Carefully, Joanna reached up behind them and felt for the jar. It was undisturbed. Why wouldn’t it be?
She held the bottle against her chest. Was it her imagination or was the glass warm? Maybe her hands were just hot.
She turned off all the lights in the house and felt her way down the passage to the main bedroom, where Jan’s snores made a small and tuneless music against the rain.
But she couldn’t do it. She couldn’t get back into that bed beside him. Joanna cupped the bottle between her palms and crept back down the passage.
James’s door brushed silently against the carpet. She felt her way over to where he lay in the little bed. She couldn’t hear him breathing. Oh, God! Was he okay?
Joanna leaned down and put her ear to where she thought his mouth would be, but there was nothing. Then his curls brushed against her lips. Of course. He was on his front again, the blanket off, his bum in the air.
She reached down and tucked the jar under the pillow, against the wall. There. She half-expected it to pulse light, waking James like Tinkerbell trapped in a bell jar.

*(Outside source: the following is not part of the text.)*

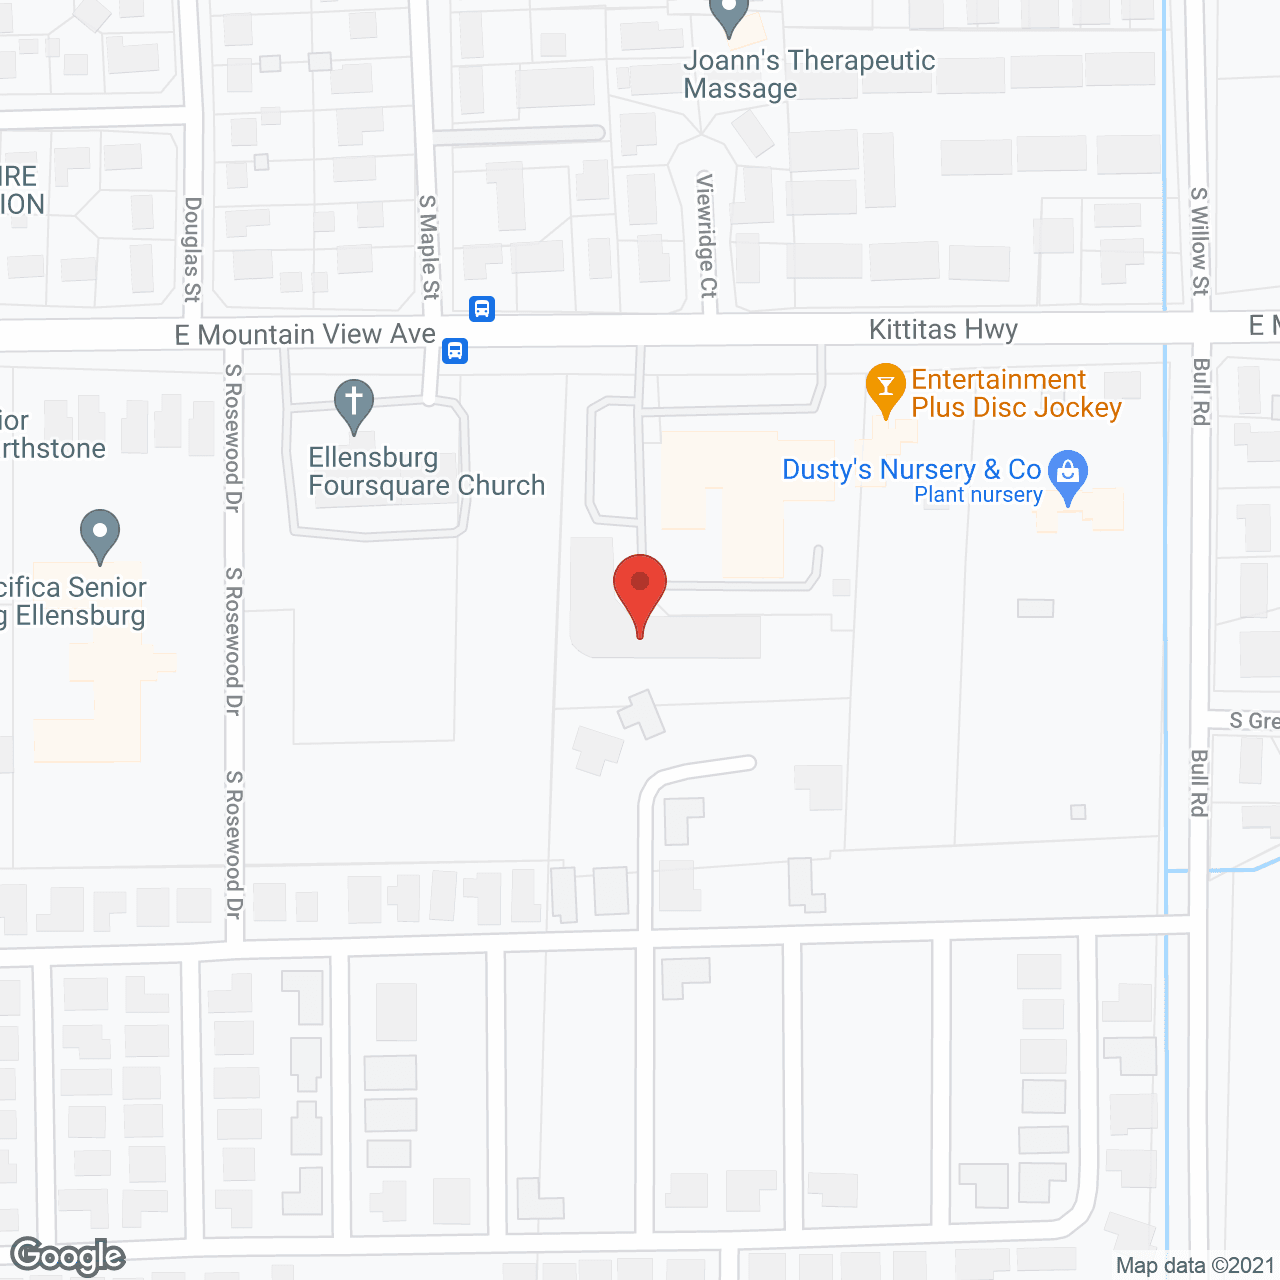 Avista Ellensburg in google map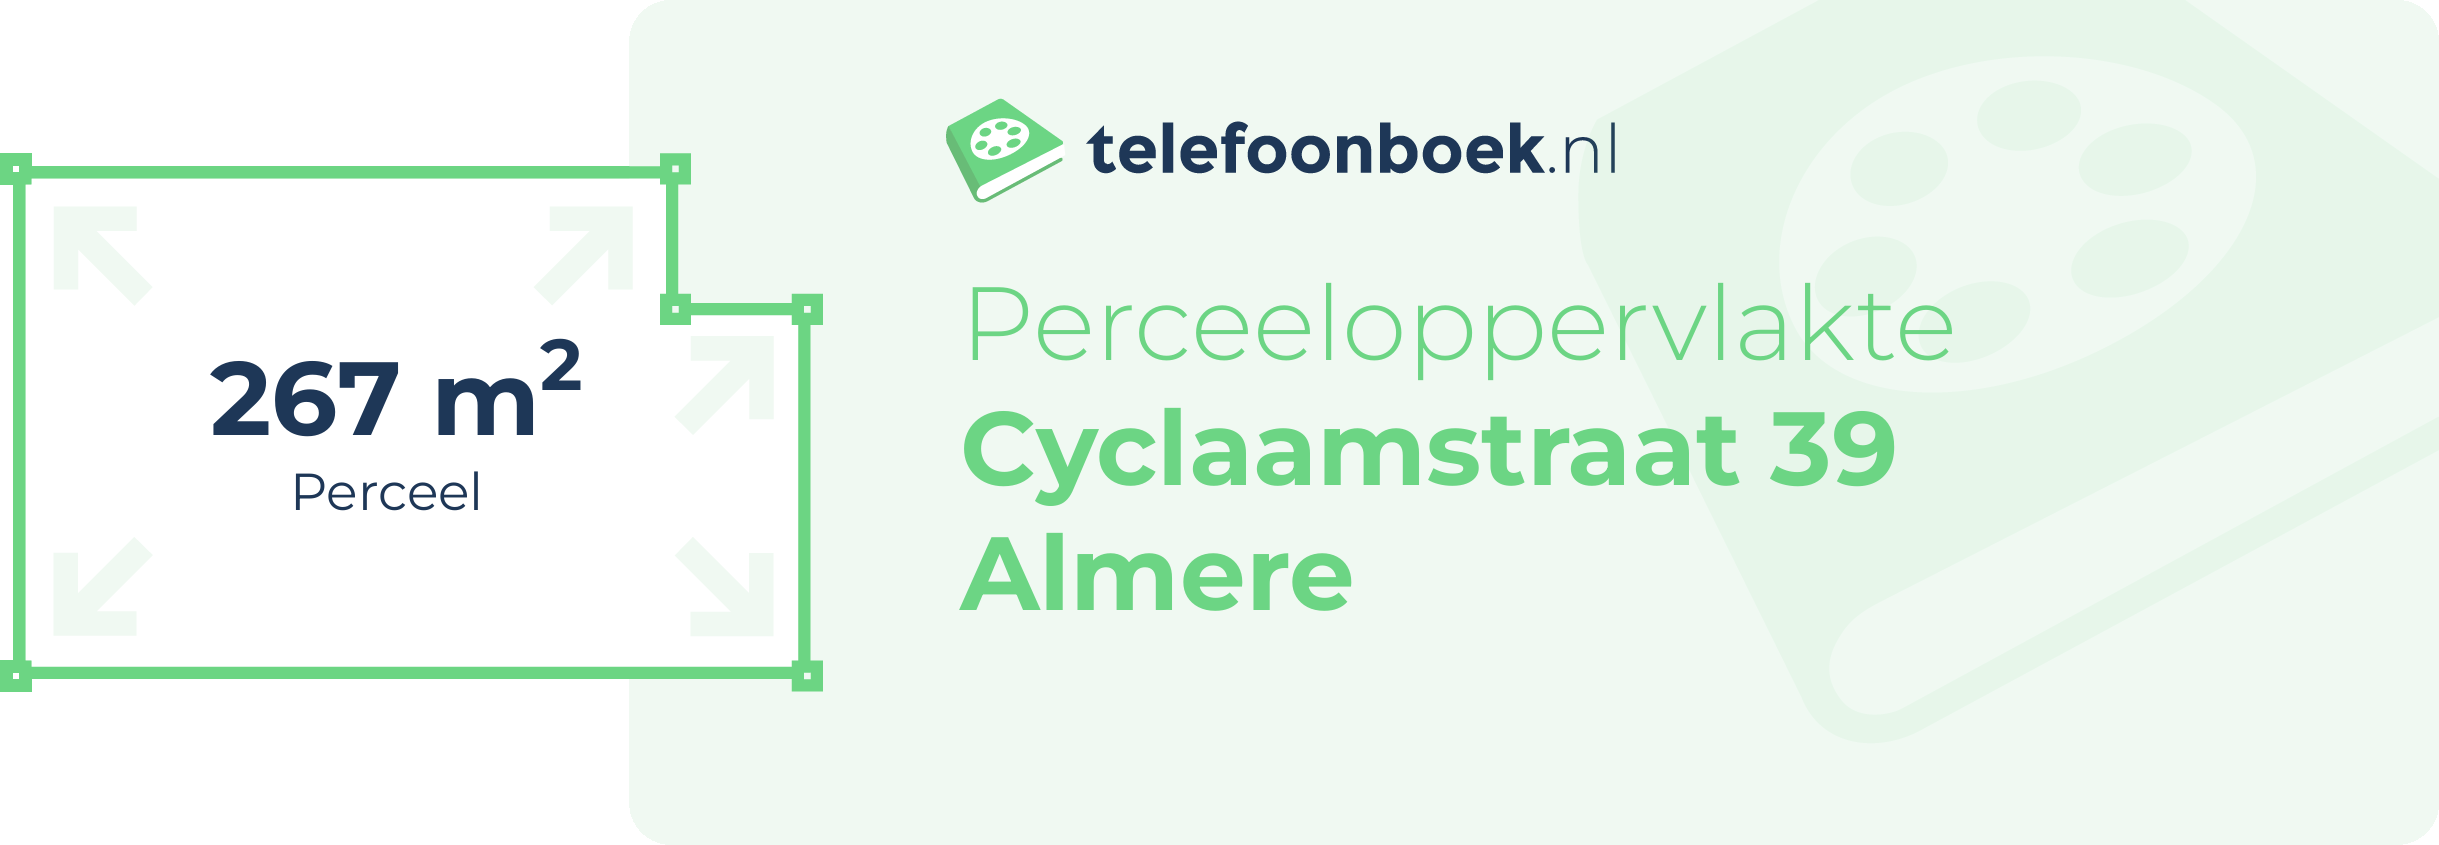 Perceeloppervlakte Cyclaamstraat 39 Almere

He settled back on the pillow. He was sweating in his sleep; his hair was wet.
Joanna discarded her boxer shorts and then took her bra off through the sleeves of her T-shirt. She lay down next to James, with his smell of finger biscuits. She stretched out her arm and draped it over the mound he made. Her child: the only link to the ancestors she would ever have. The two of them lay together under the mosquito that helicoptered against the ceiling, but only one of them slept.